No significant correlations were found between other morphological characters (maximum length of the fish, relative eye size (eye diameter/standard length of the fish)), ecological parameters (trophic level, preferred temperature, maximum depth), or genome size and the number of functional OR [10] or TAAR or OlfC genes (present study, data not shown).

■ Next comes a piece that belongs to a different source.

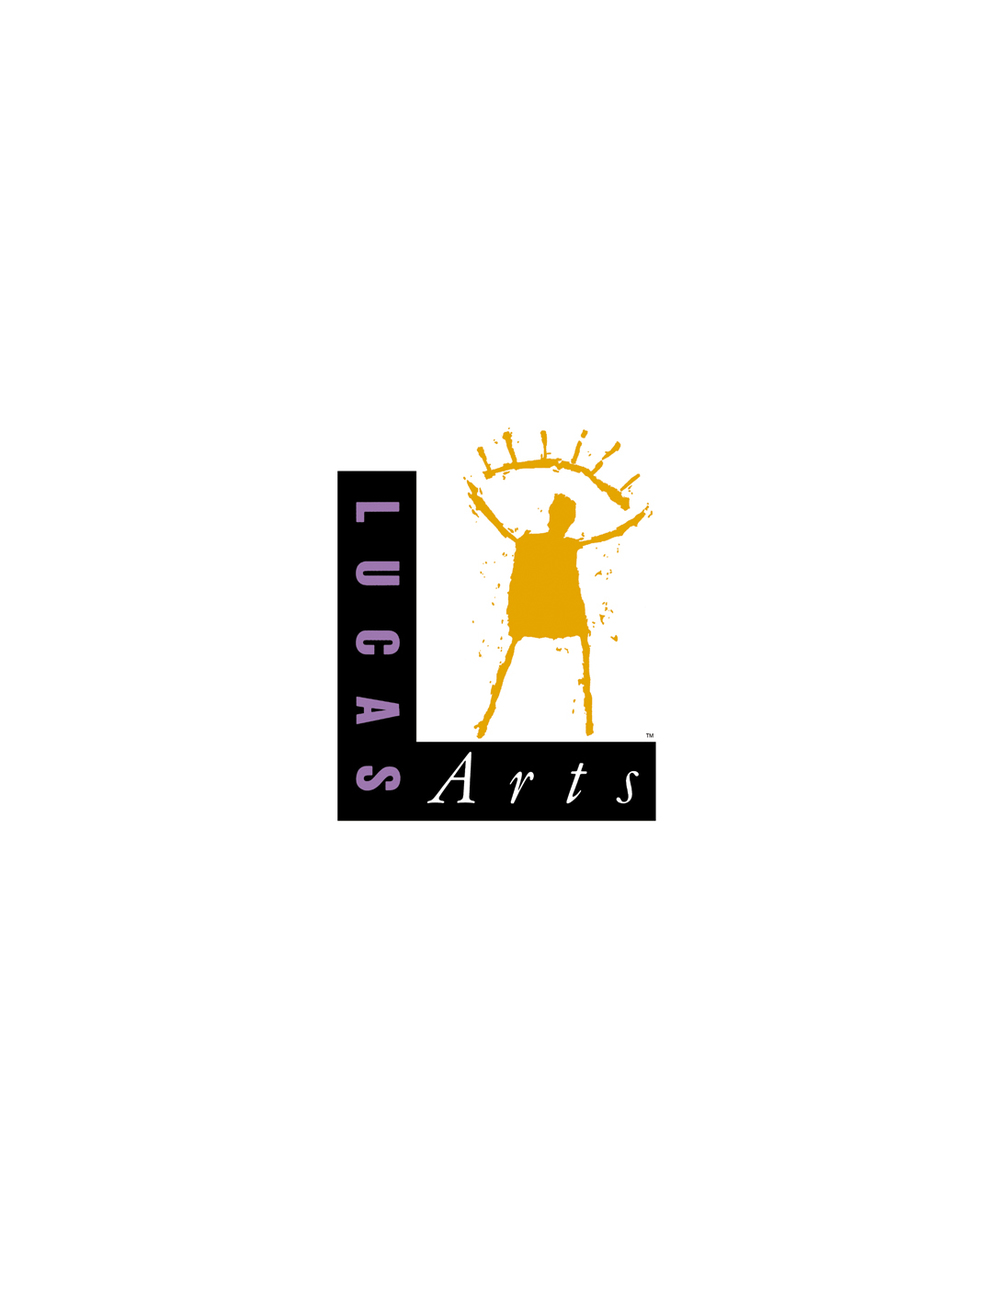 LucasArts identity

Our analysis of 185 highly complete genomes of ray-finned fishes highlights the diversity of the olfactory receptor repertoire. The number of genes is highly dynamic for three (OR, TAAR, OlfC) of the four gene families, but the reasons for large gene gains or losses are still unknown. In marine tetrapods, including cetaceans and sea snakes, extreme reductions in the number of olfactory genes occurred likely because air-adapted olfactory systems were not useful in marine environments [32]. No such major ecological transition is associated with gene losses of similar magnitude in Syngnathiformes and Tetraodontiformes, and it remains unknown why their olfaction degenerated at both morphological and genomic levels. The complexity of the olfactory organ and large olfactory gene repertoire in Polypteriformes is also surprising. These fishes have a high olfactory sensitivity [33]. An olfactory organ with a large olfactory epithelium surface is probably involved in high sensitivity; however, a link between sensitivity and gene repertoire size is less obvious. For example, some Astyanax mexicanus cavefish have a higher sensitivity (105) to some molecules than surface conspecifics [34], while their olfactory gene repertoires are very similar (present study). To date, few olfactory receptor genes have been de-orphanized, and such functional information, combined with behavioral studies, may shed light on the dynamics of losses and specializations. Together, our analyses of the olfactory gene repertoire and morphology of the olfactory epithelium show that olfaction is a heterogeneous sensory modality in ray-finned fishes. Our identification of non-model species with particularly poorly developed olfaction (e.g., Mola mola) or exceptionally well-developed sense of smell (e.g., Erpetoichthys calabaricus) opens new possibilities for comparative and functional research on olfaction.